#### DATA SHOWN

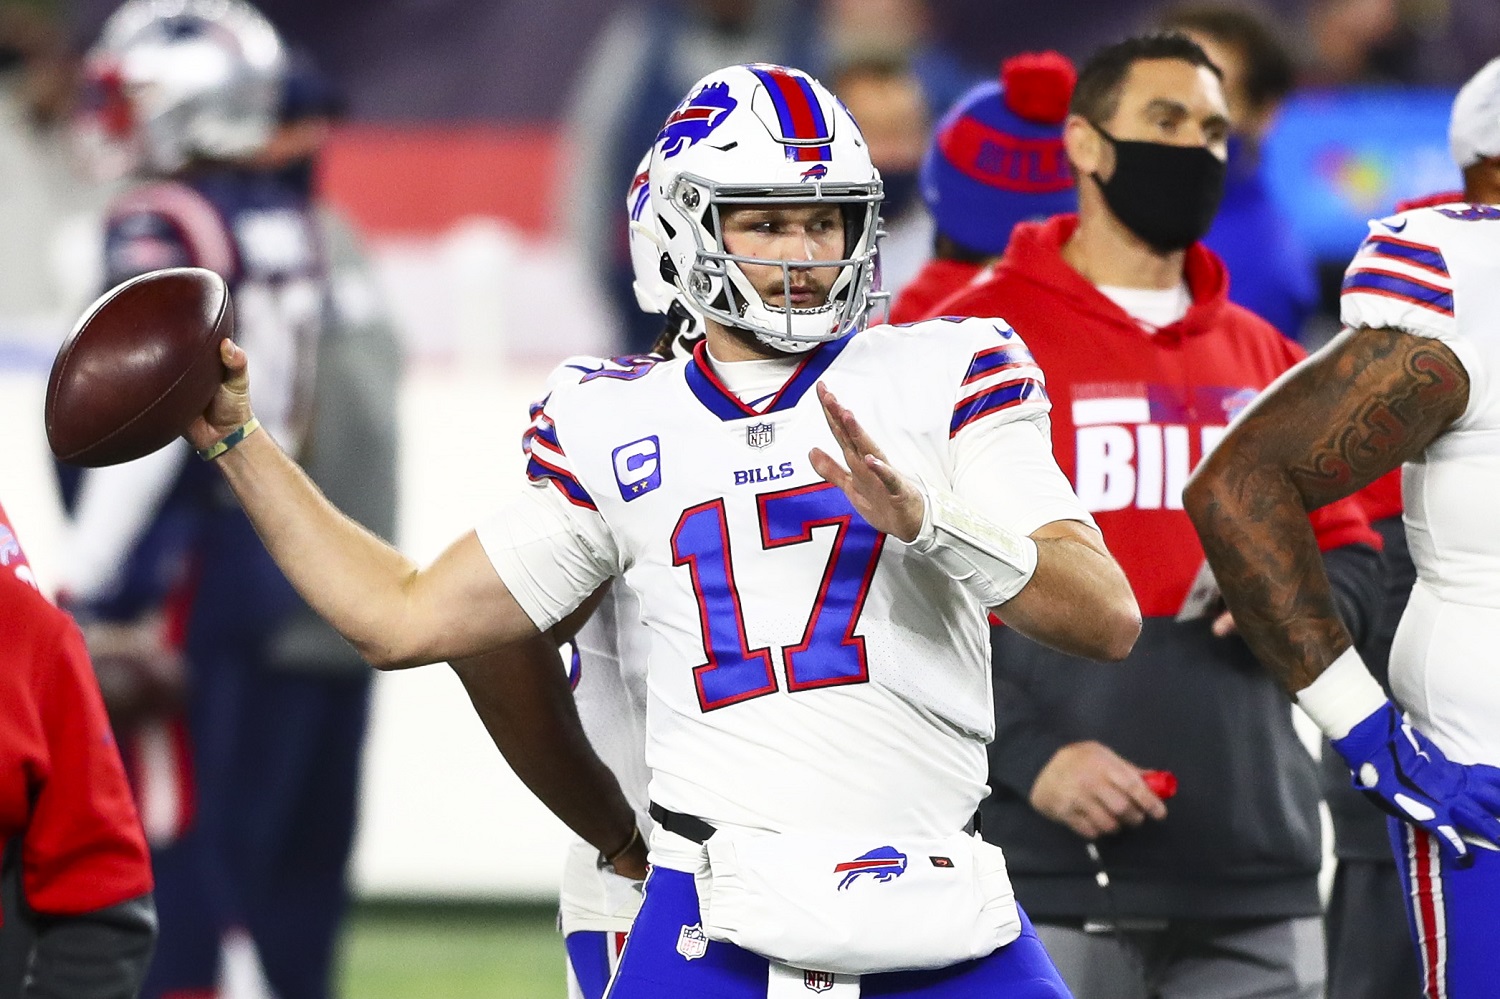 Josh Allen of the Buffalo Bills warms up before a game against the New England Patriots at Gillette Stadium on Dec. 28, 2020.
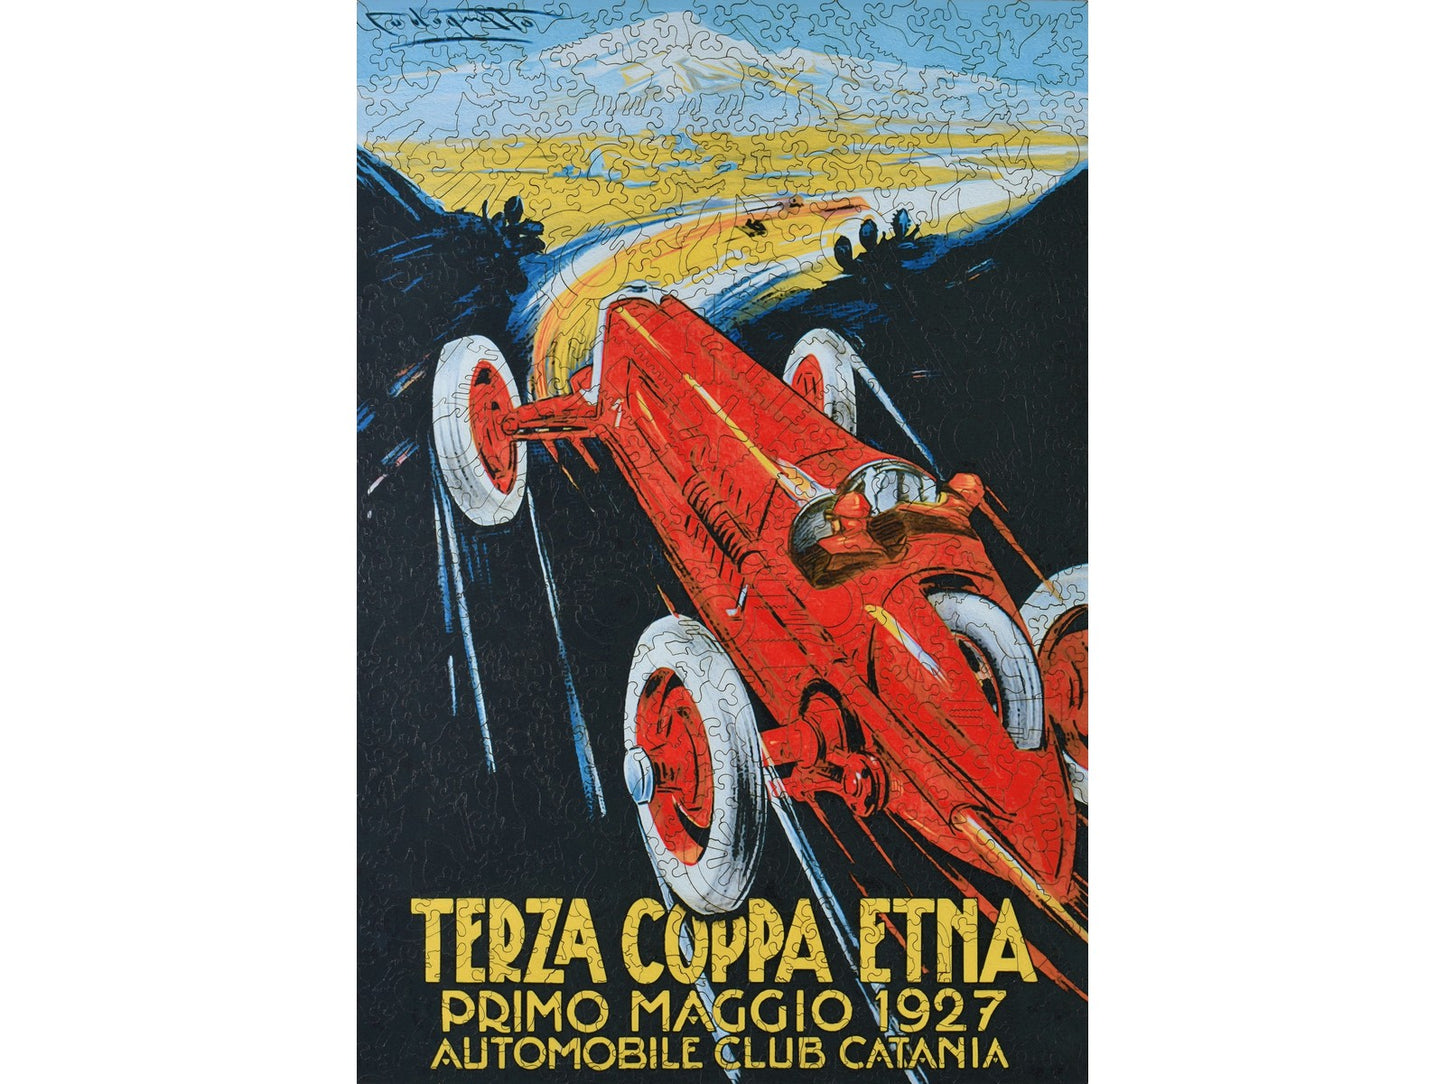 The front of the puzzle, Terza Coppa Etna, showing a racecar driving.
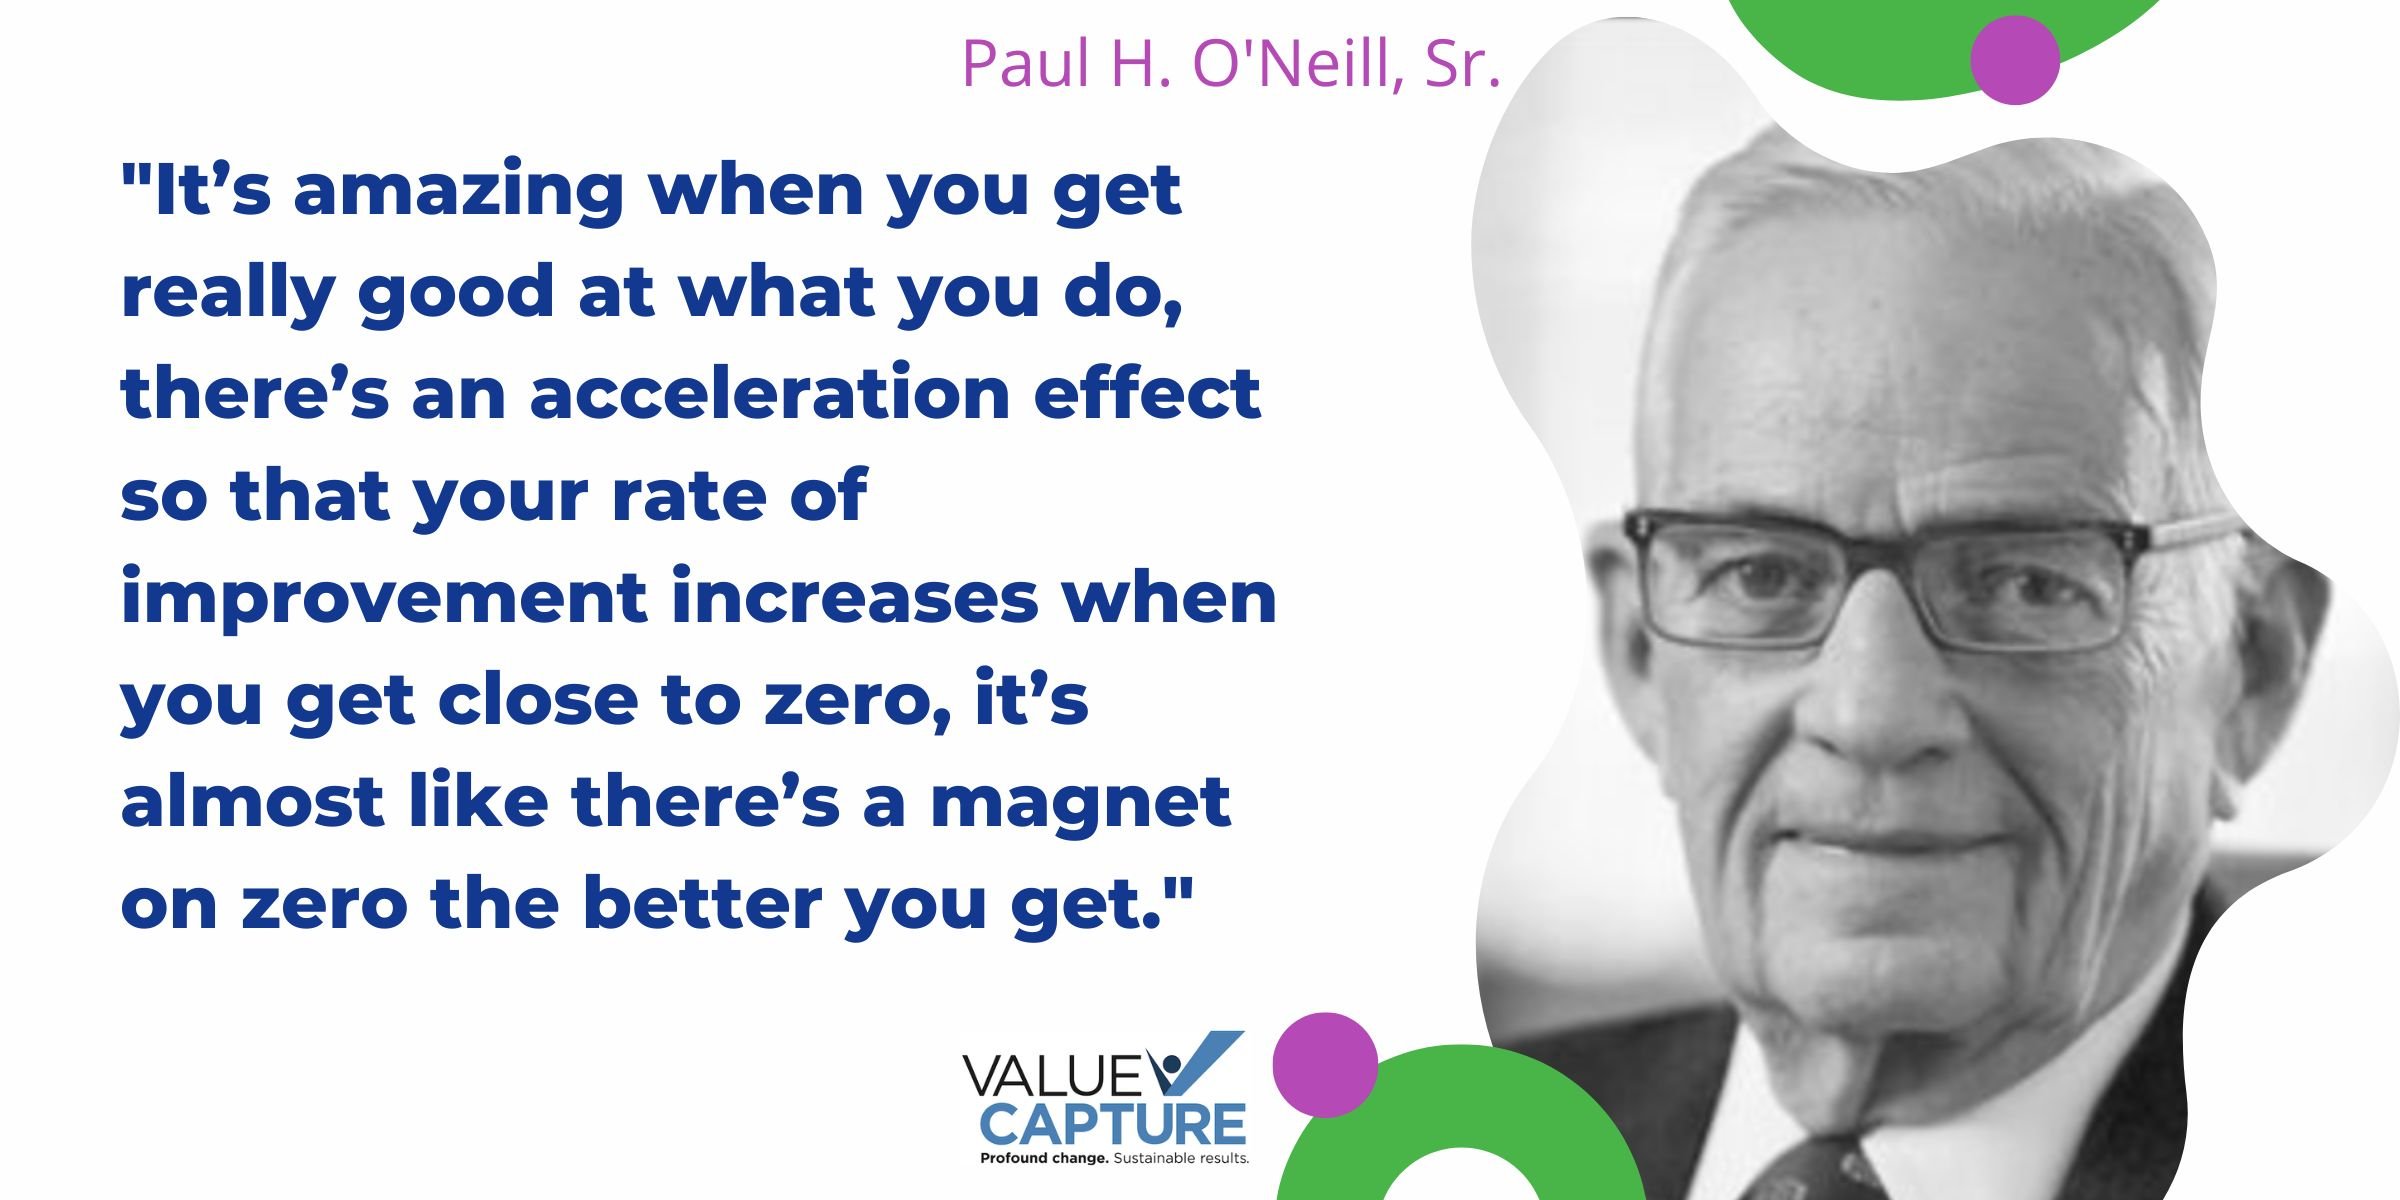 "It’s amazing when you get really good at what you do, there’s an acceleration effect so that your rate of improvement increases when you get close to zero, it’s almost like there’s a magnet on zero the better you get."  Paul O'Neill

########

TASK OBJECTIVE: Write out every line above again exactly, with the pictures left out.

SOLUTION TO THIS TASK:
 Josh Allen of the Buffalo Bills warms up before a game against the New England Patriots at Gillette Stadium on Dec. 28, 2020.
 The front of the puzzle, Terza Coppa Etna, showing a racecar driving.
 "It’s amazing when you get really good at what you do, there’s an acceleration effect so that your rate of improvement increases when you get close to zero, it’s almost like there’s a magnet on zero the better you get."  Paul O'Neill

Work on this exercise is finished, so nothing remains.